Mobility and smart city
One notable plan for the utilisation of AI by the Indonesian government is to provide a smart traffic management solution by processing data collected through CCTV and other data sensors, in order to provide real-time traffic information to road users, improve traffic queues by optimising traffic light configurations and evaluate road usage. Another interesting use of AI envisaged by the Indonesian government is the management of disaster risks, where AI systems will be trained to predict potential occurrences of earthquakes, forecast floods by observing precipitation and flood simulations, and predict volcanic eruptions by learning seismic data and other relevant geological information.

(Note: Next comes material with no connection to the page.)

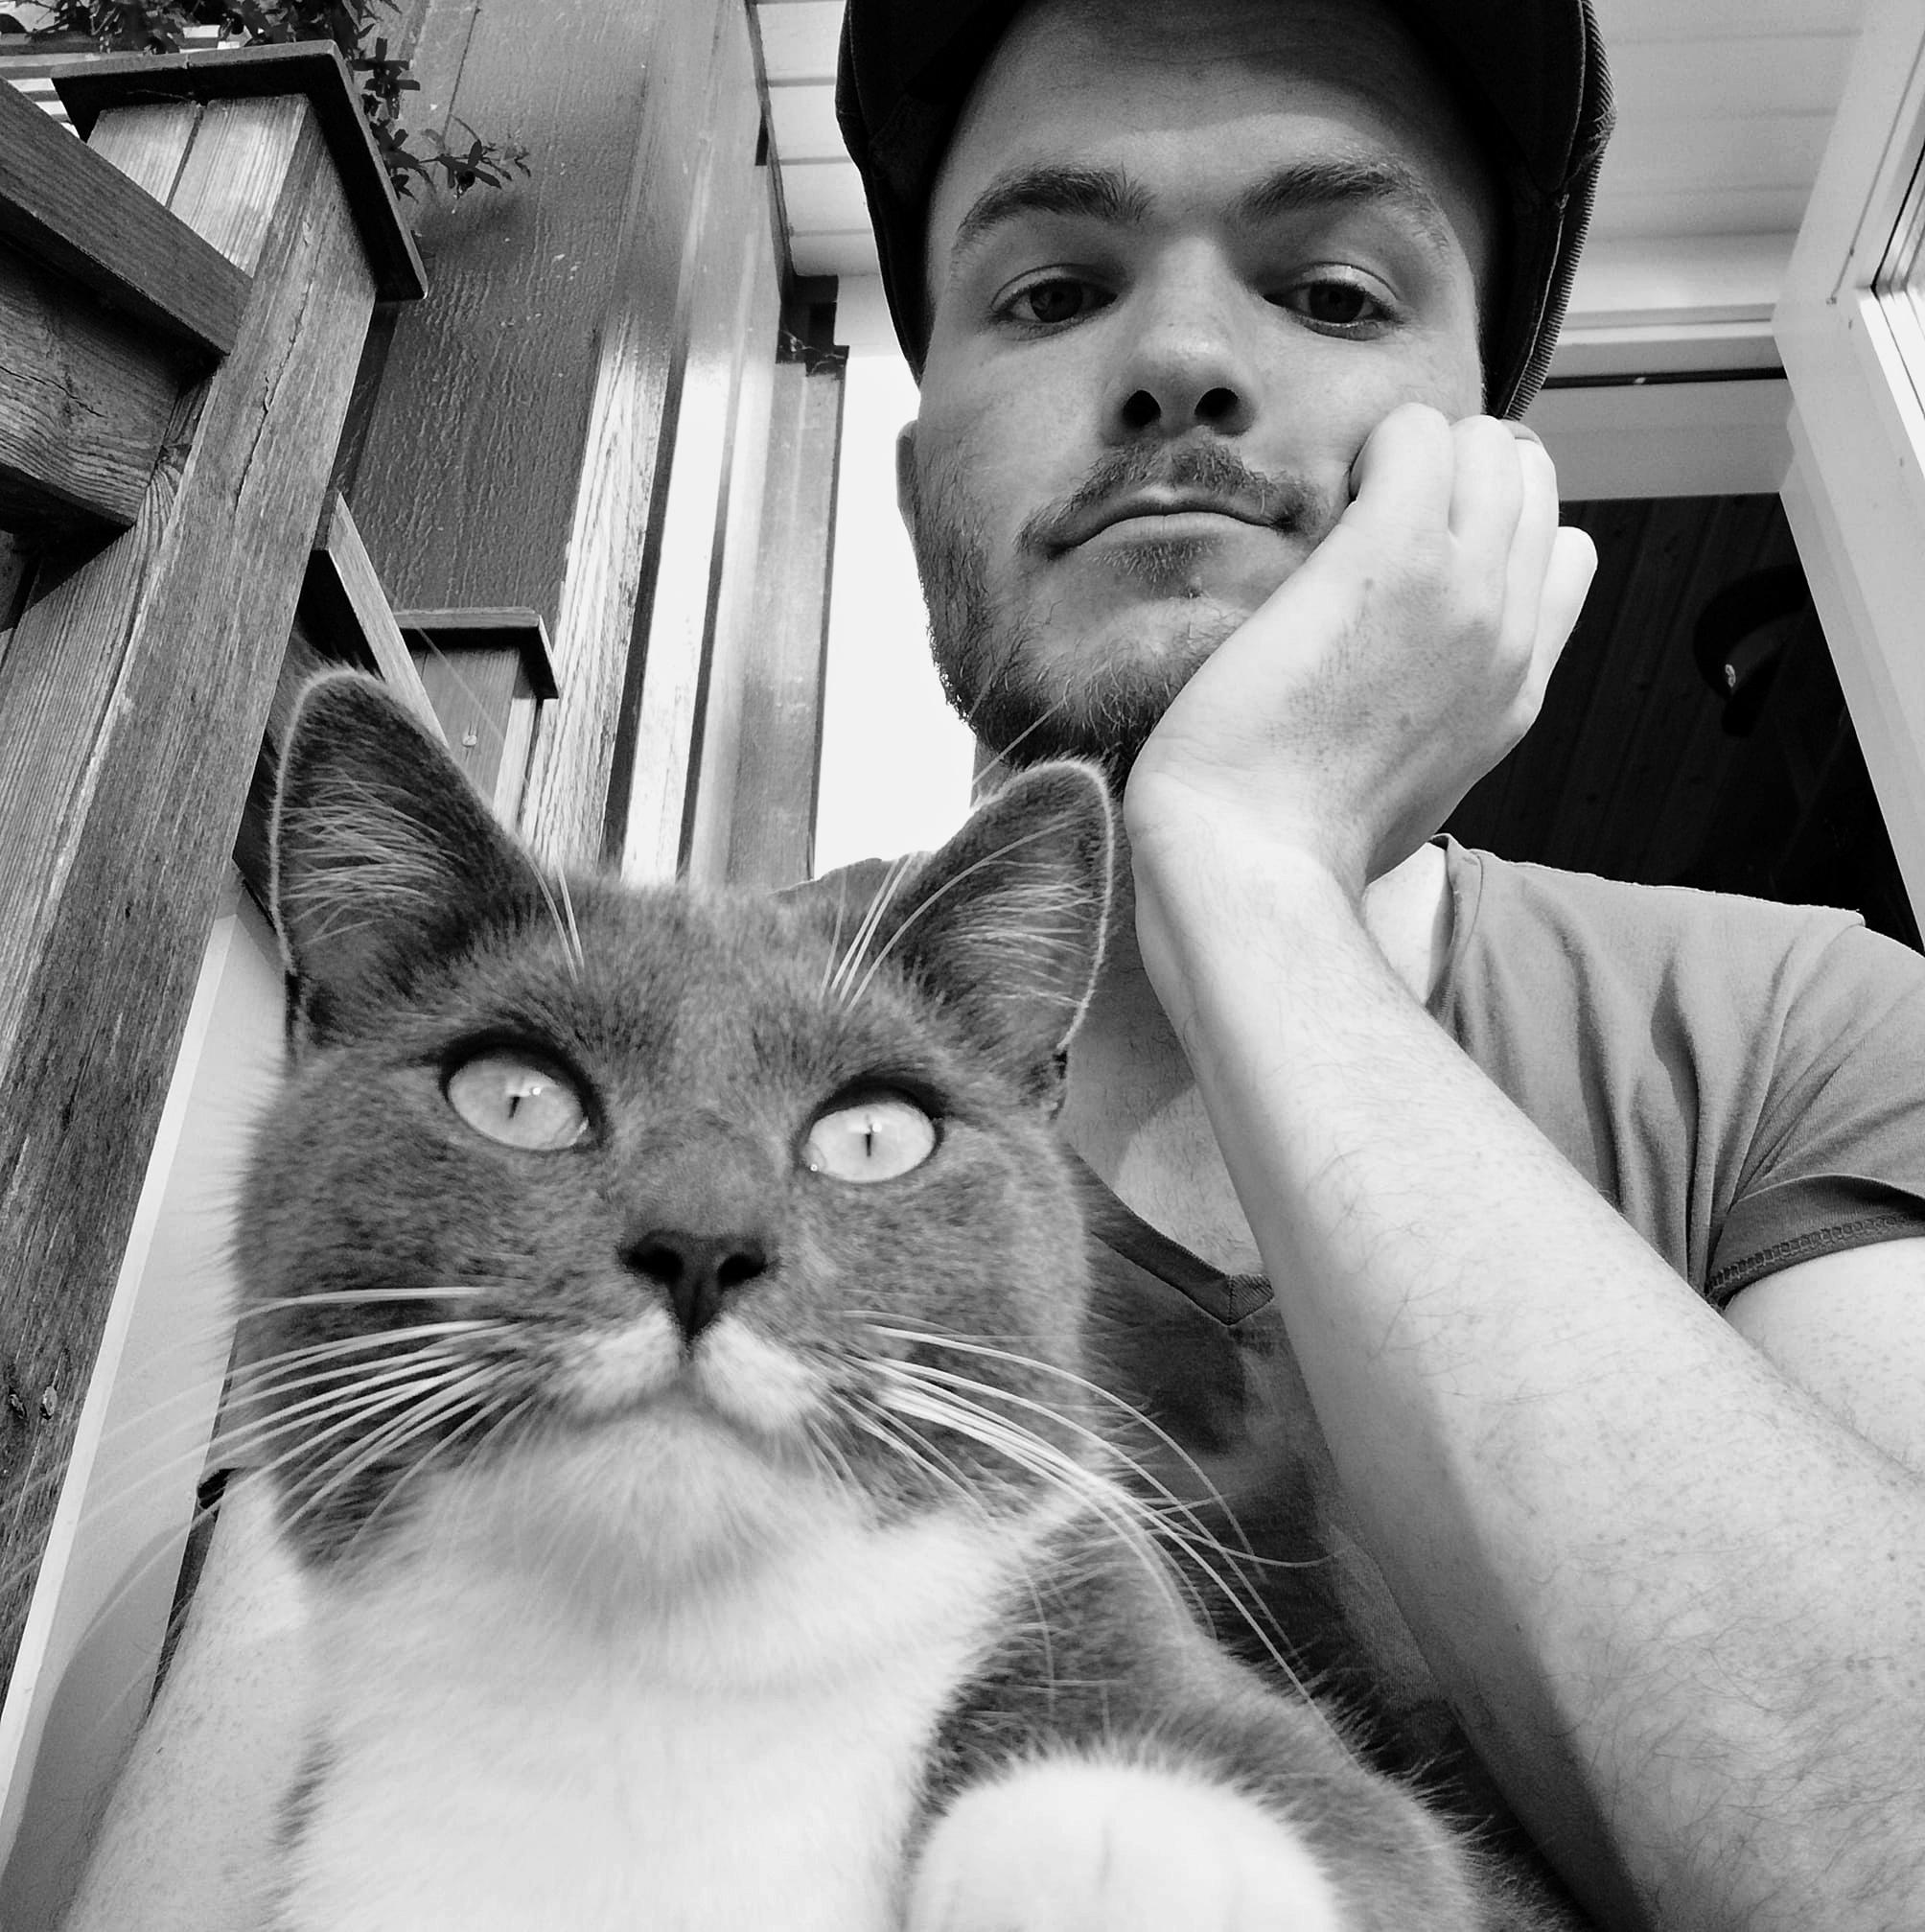 Tony Johansson - Actual math scientist. Improvises with scientific precision. Lover of cats.

Current Regulatory Framework for AI in Indonesia
Despite the elaborate ideas that Indonesia’s technocrats have planned for in the National Strategy White Paper, several weaknesses were recognised as potentially bottlenecking a smooth and effective adoption of AI by the Indonesian public. Among these is the lack of national regulations governing the ethics and policies of responsible AI development and utilisation in Indonesia.
Currently, Indonesia still lacks a clear regulatory framework for the development and use of AI by the public and private sectors. Indonesia still relies on existing legislation to address questions related to the development and utilisation of newly emerging AI models – eg:
These regulations are, unfortunately, very general in their scope and do not directly address AI-related issues that may arise from the development and use of AI systems in Indonesia.
Acknowledging Indonesia’s lack of AI regulatory frameworks, on 19 December 2023 the Ministry of Communications and Informatics (MCI) issued MCI Circular Letter Number 9 of 2023 regarding the Ethics of Artificial Intelligence (the “Circular Letter”). The Circular Letter provides an initial outline of the general definition of AI, as well as general guidelines on the values, ethics and control of AI-based consultation, analysis and programming activities undertaken by businesses and electronic system providers (ESPs).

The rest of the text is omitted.